DATASET SECTION
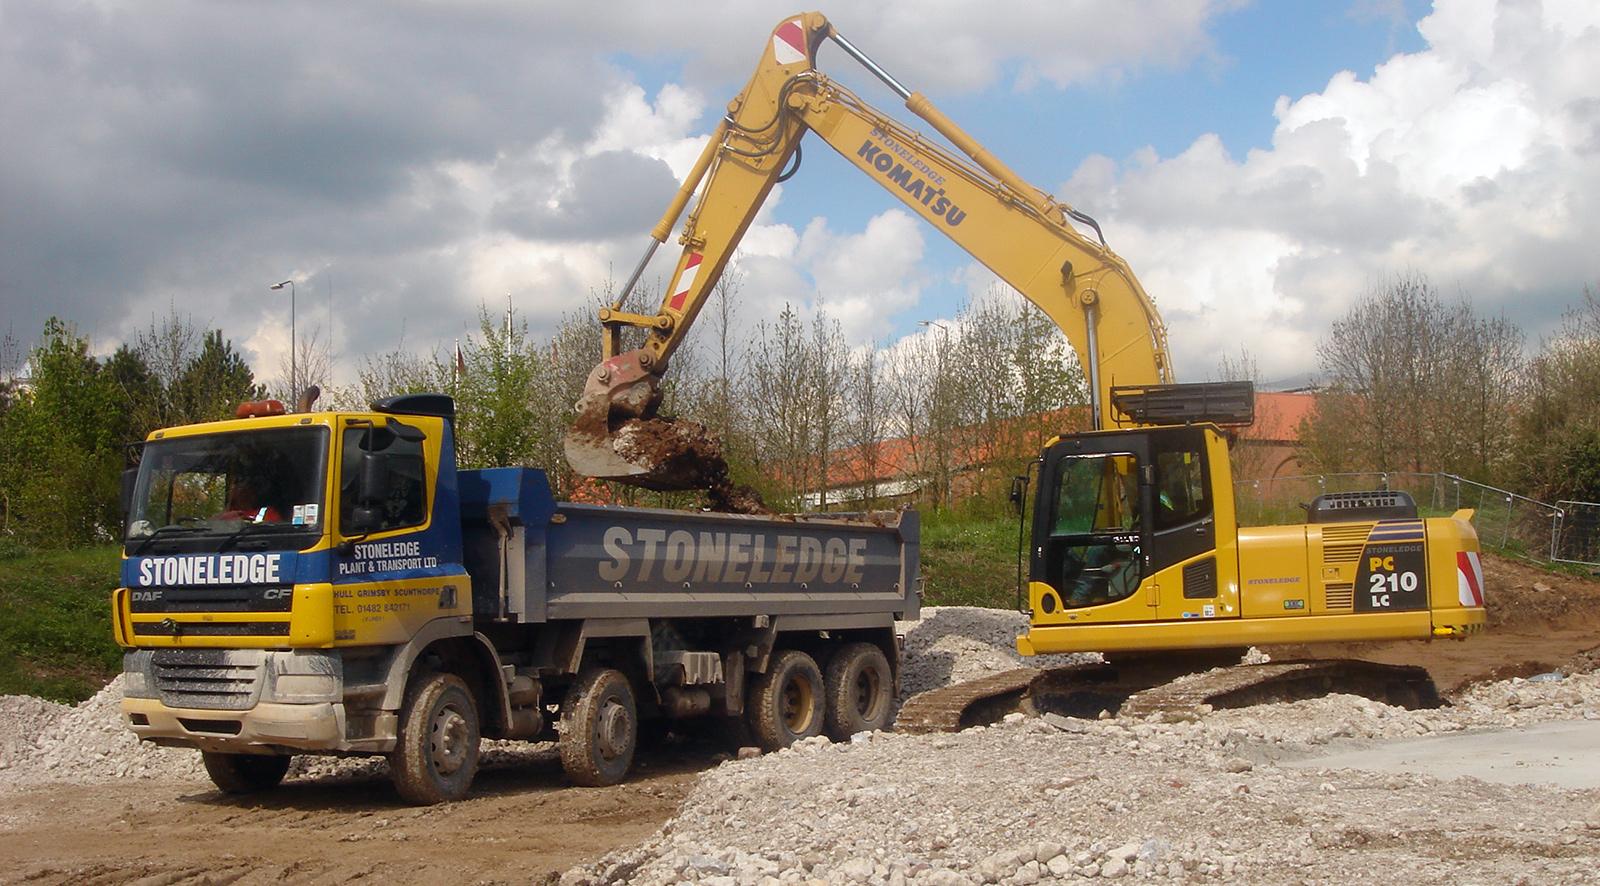 Stoneledge Plant & Transport
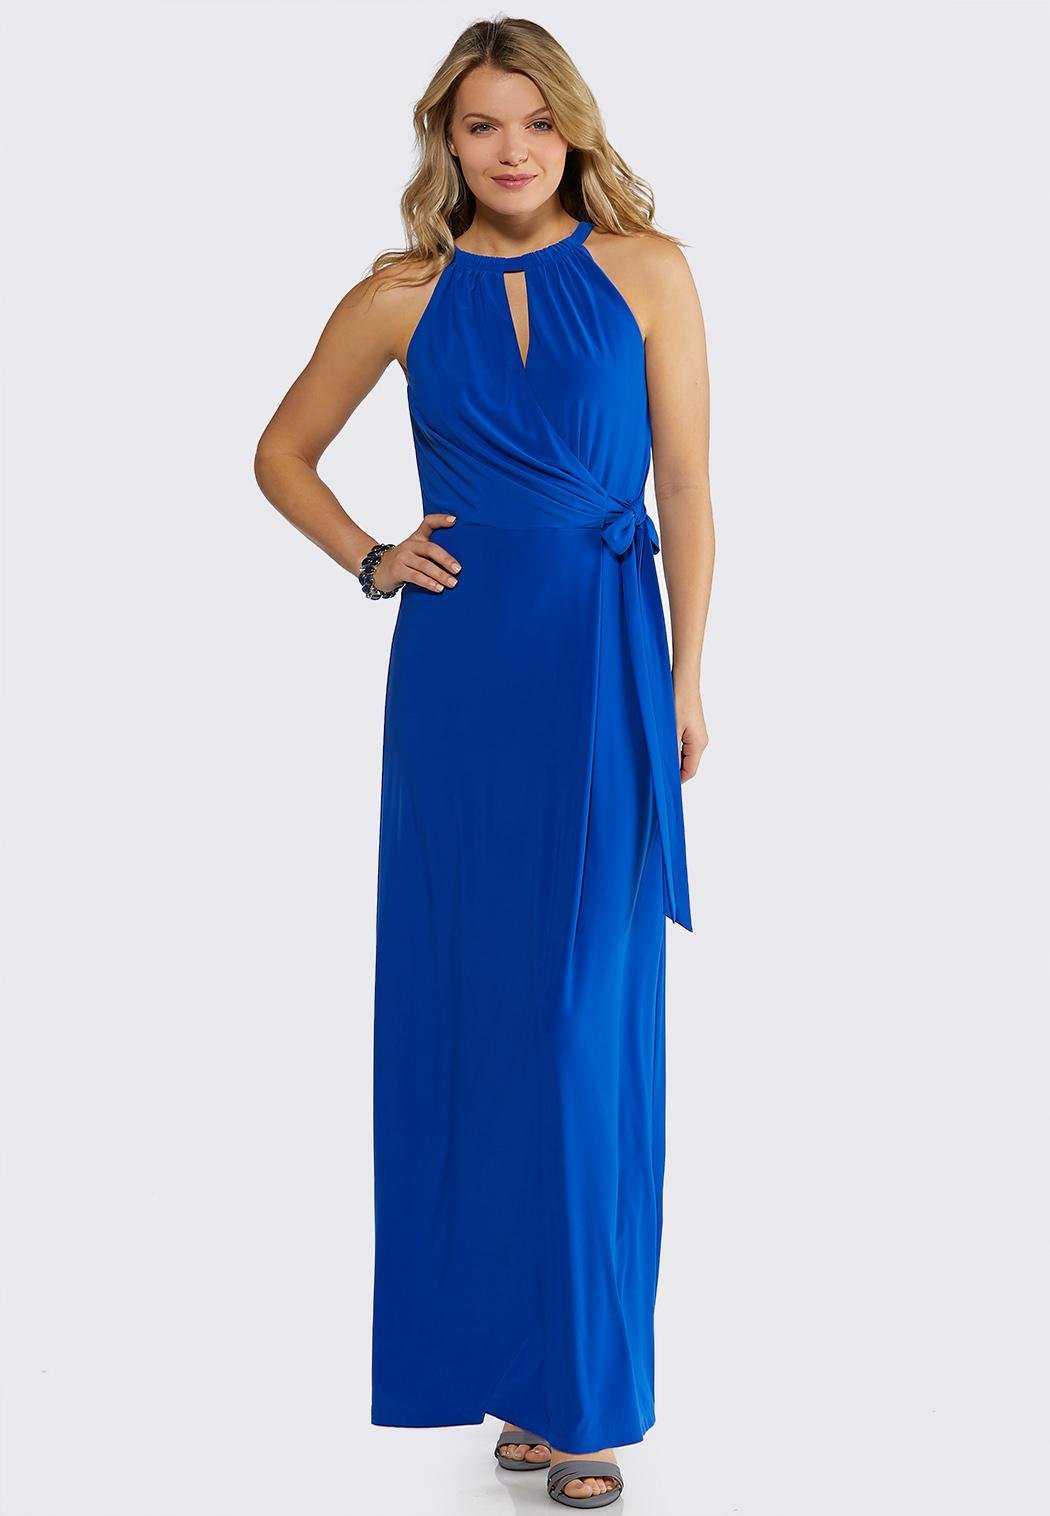 8bcbdbf47cd Faux Wrap Solid Maxi Dress Junior Misses Cato Fashions
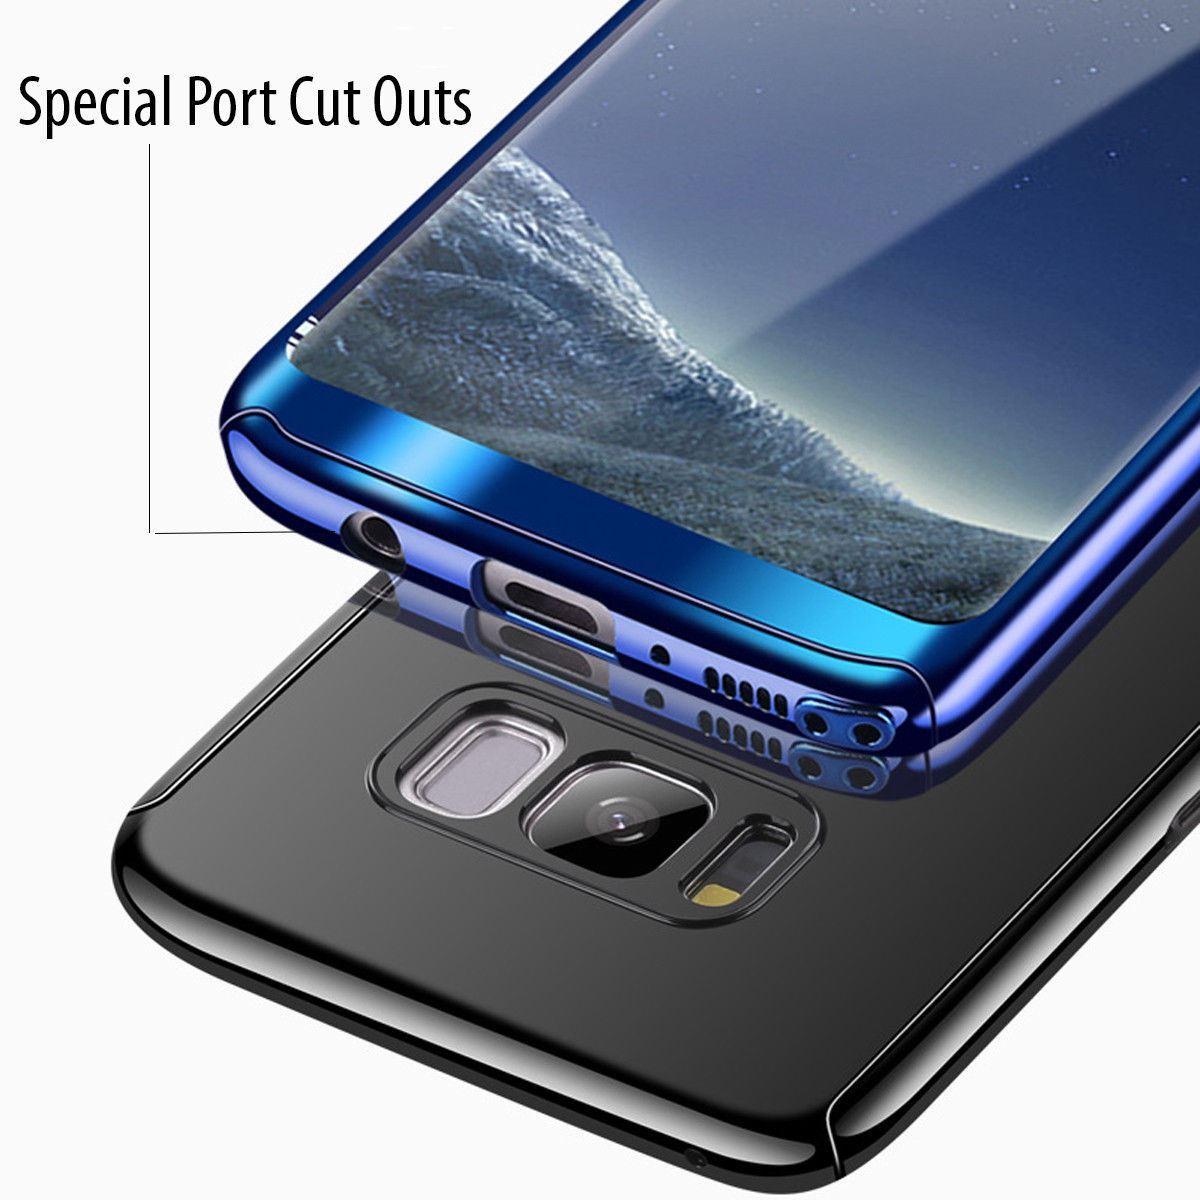 Shockproof-Hybrid-360-Ultra-Thin-Mirror-Hard-Case-Samsung-Galaxy-S7-edge-S8-S9 thumbnail 47

EXERCISE DETAILS
Without the pictures, write out the listing exactly as it appears above.

SOLUTION BELOW
 Stoneledge Plant & Transport
 8bcbdbf47cd Faux Wrap Solid Maxi Dress Junior Misses Cato Fashions
 Shockproof-Hybrid-360-Ultra-Thin-Mirror-Hard-Case-Samsung-Galaxy-S7-edge-S8-S9 thumbnail 47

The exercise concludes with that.